Please give the whole listing again word for word, and drop any pictures it holds.

=== GIVEN DATA ===

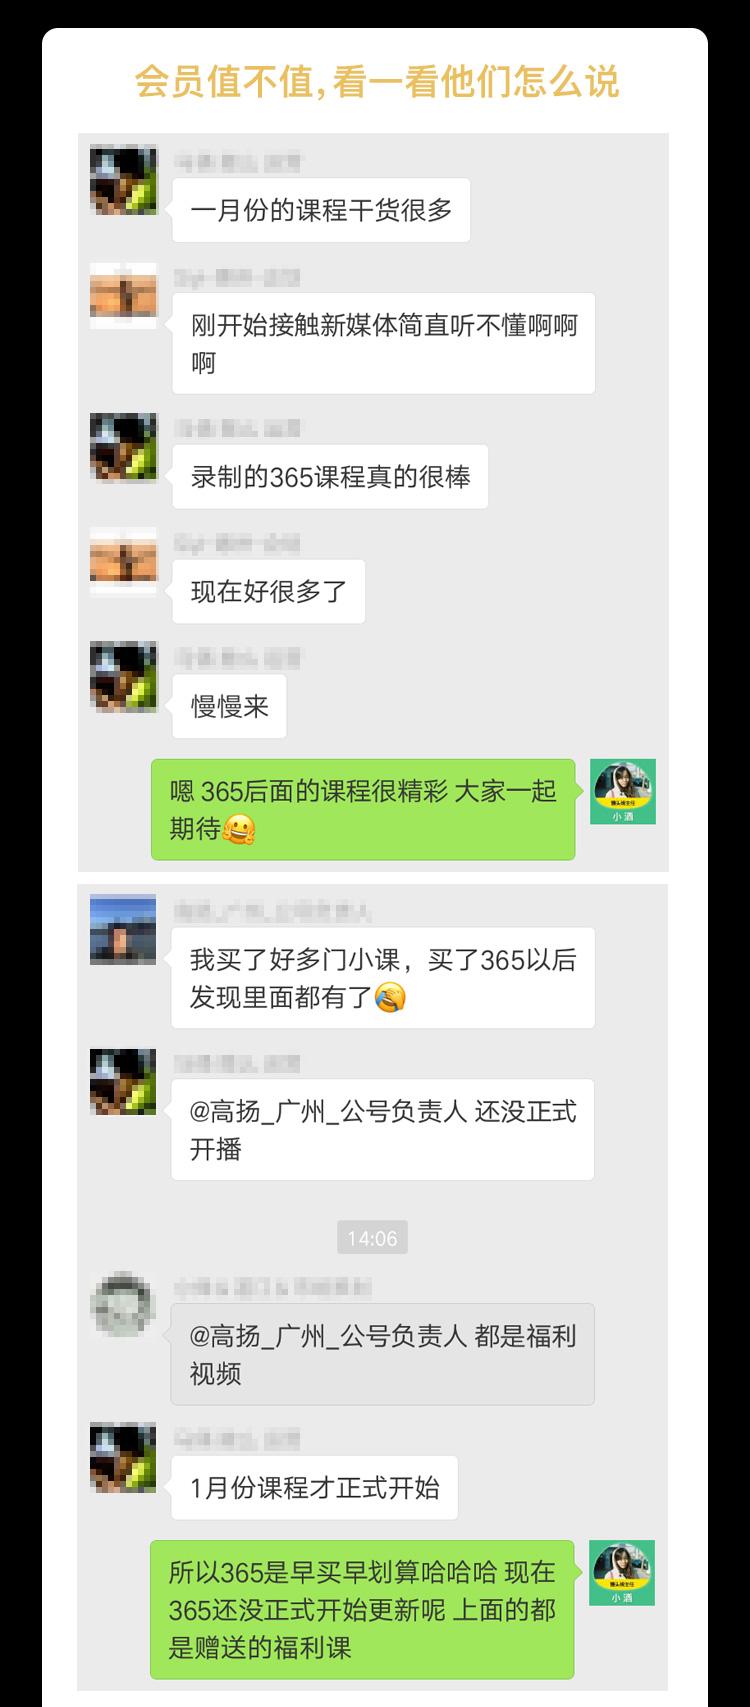 http://mtedu-img.oss-cn-beijing-internal.aliyuncs.com/ueditor/20190916155217_133297.png
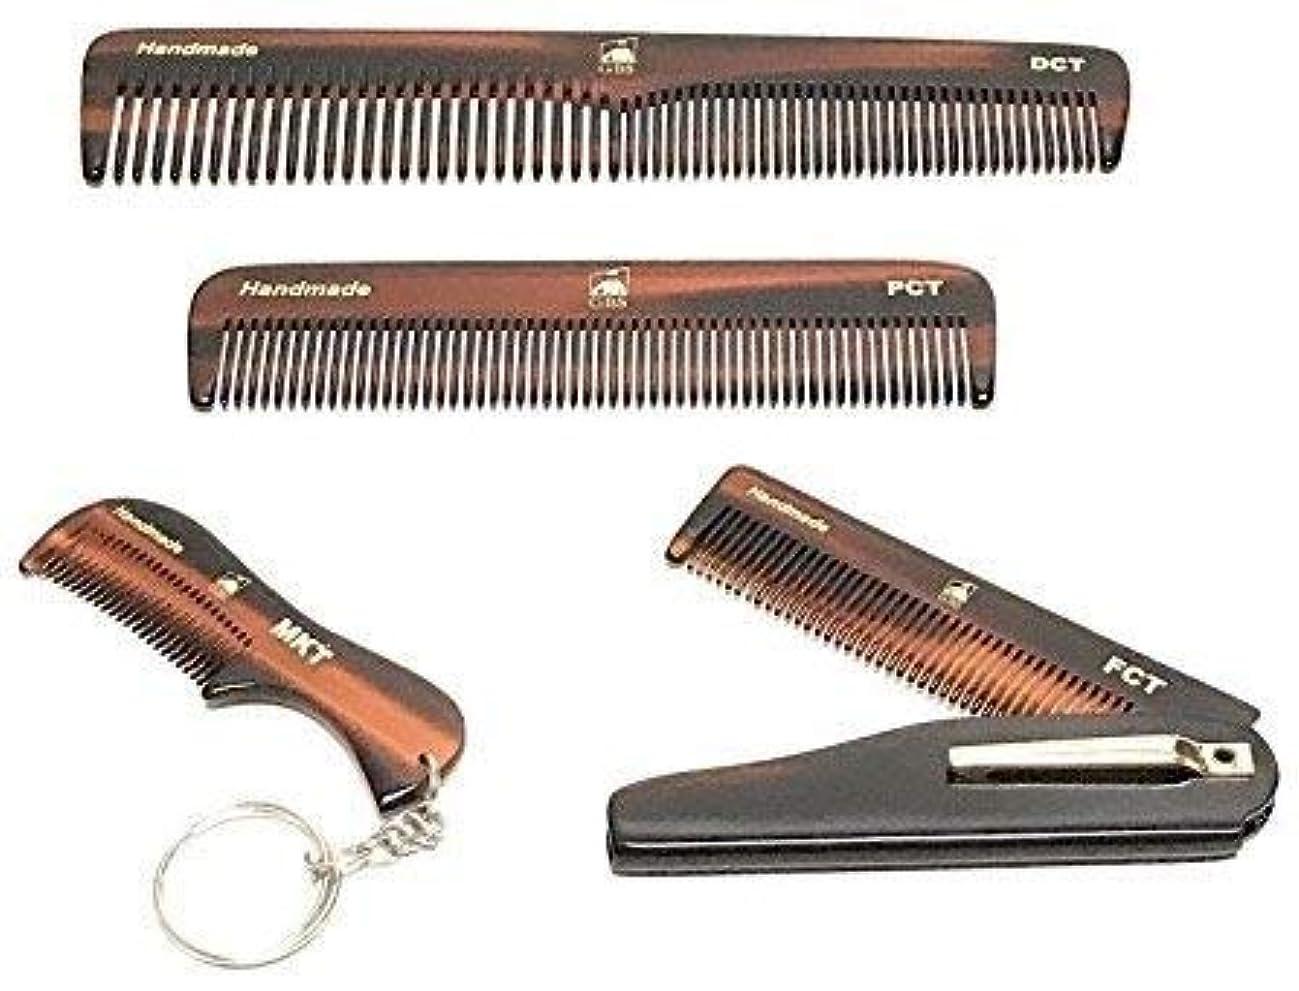 ワイヤー艶省GBS Handmade Styling Anti-Static No Snag Saw-cut Teeth Grooming Hair and Beard Comb Set - For Mens Care - Dressing...
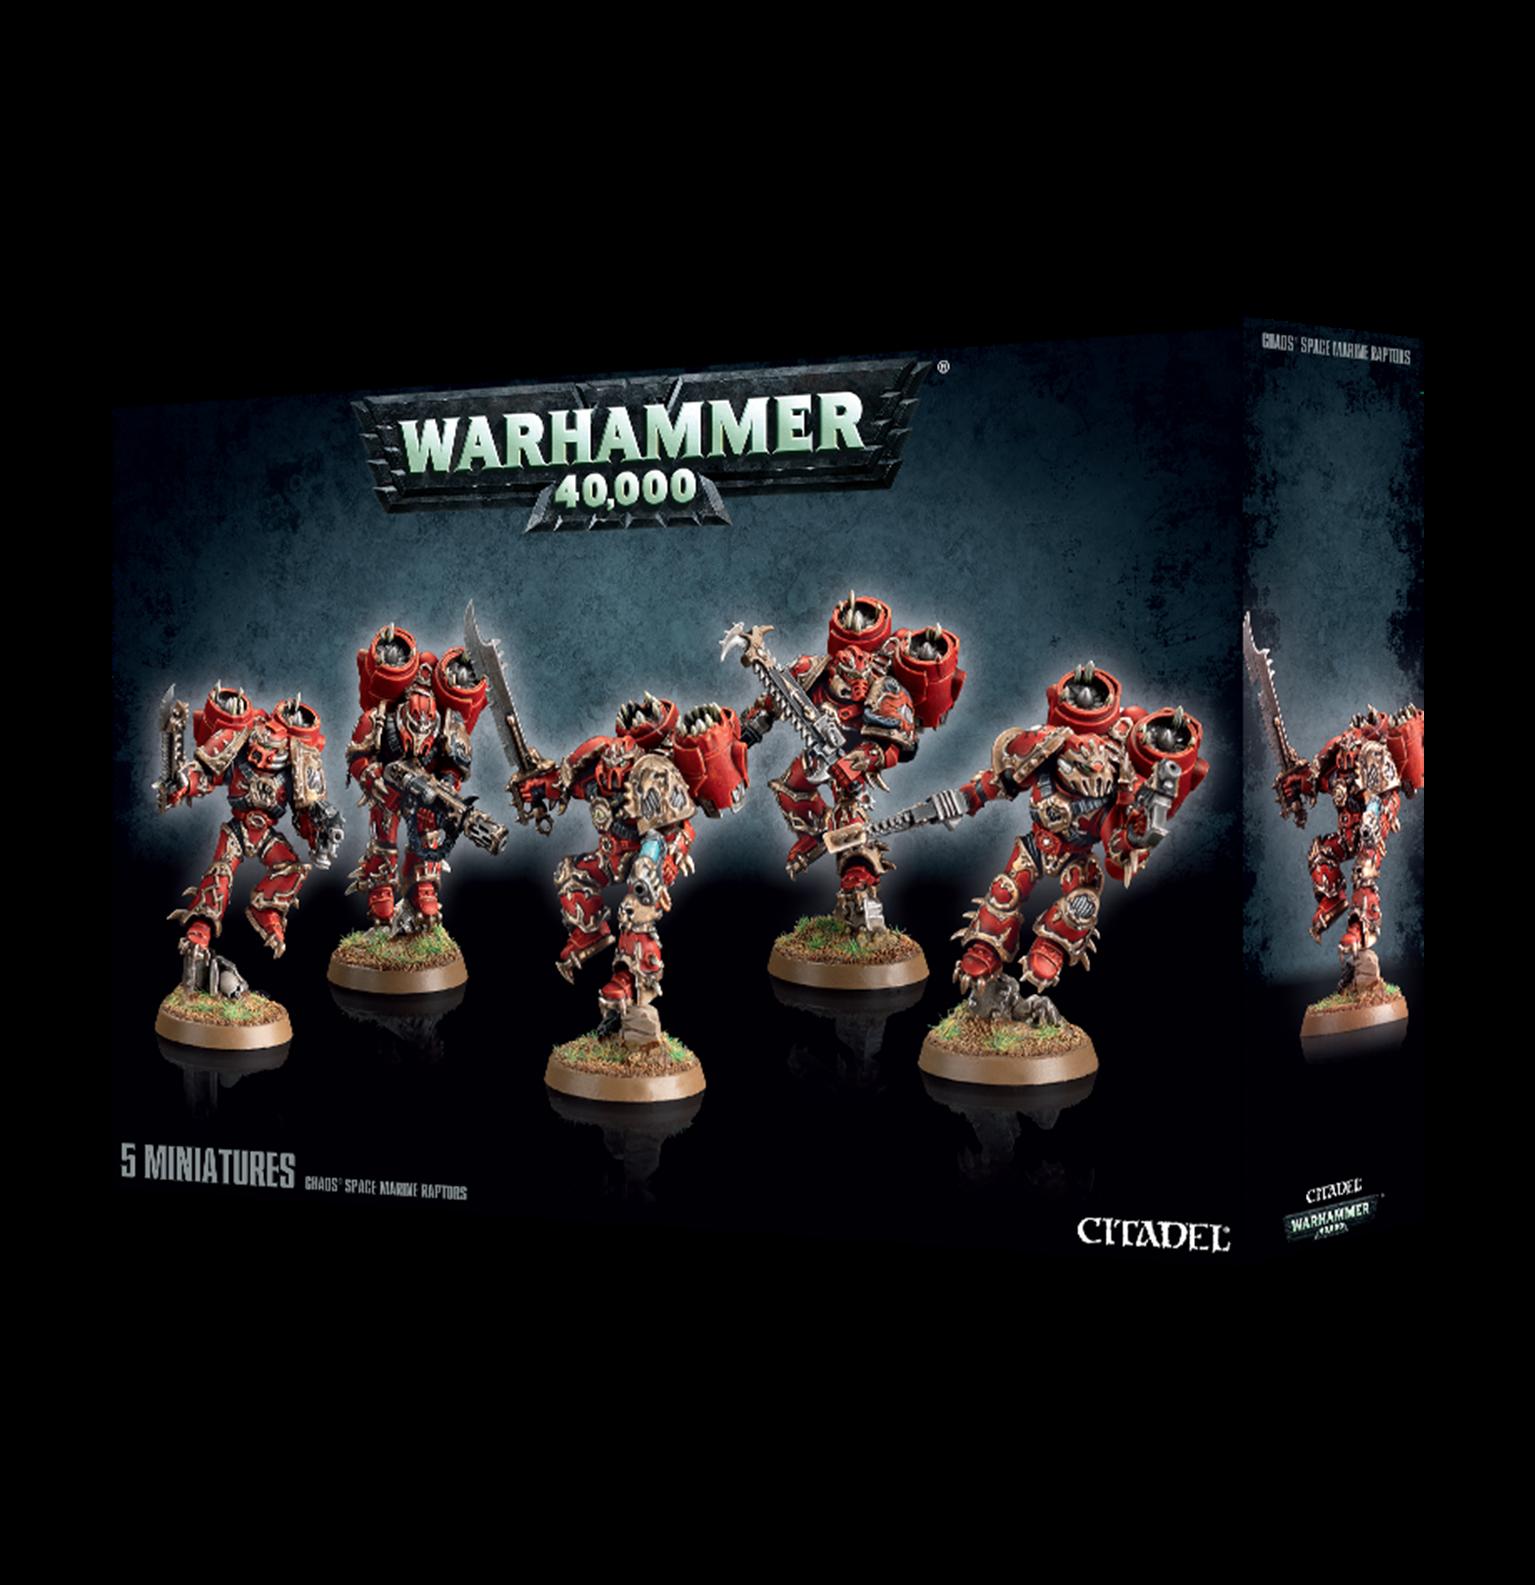 Warhammer 40,000 Chaos Space Marines Raptors
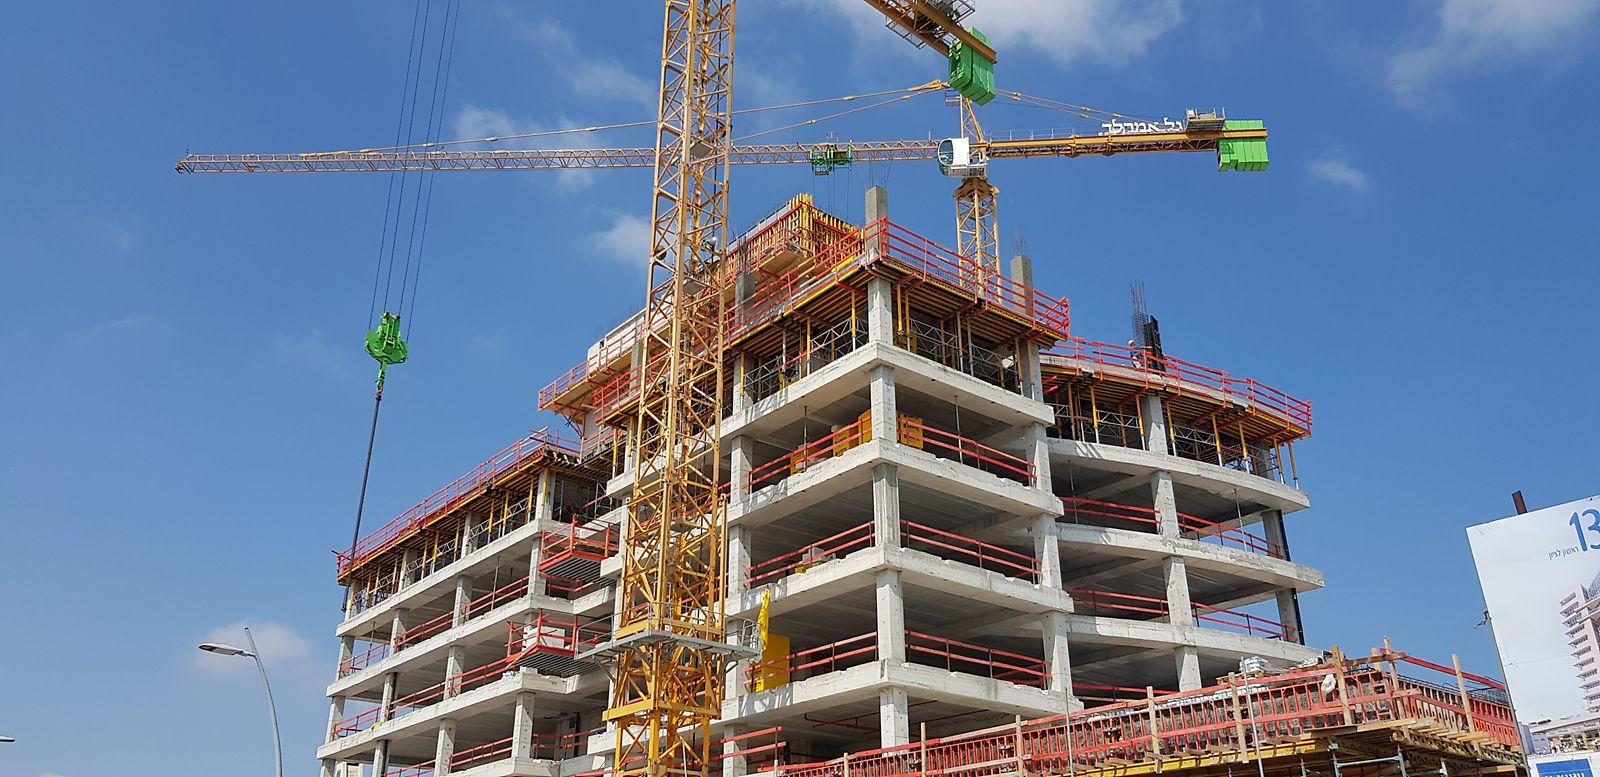 מגדל ירון מילר, מבנה משרדים בן 11 קומות בראשון לציון

===

- [RESULT FOR THIS TASK]
 http://mtedu-img.oss-cn-beijing-internal.aliyuncs.com/ueditor/20190916155217_133297.png
 ワイヤー艶省GBS Handmade Styling Anti-Static No Snag Saw-cut Teeth Grooming Hair and Beard Comb Set - For Mens Care - Dressing...
 Warhammer 40,000 Chaos Space Marines Raptors
 מגדל ירון מילר, מבנה משרדים בן 11 קומות בראשון לציון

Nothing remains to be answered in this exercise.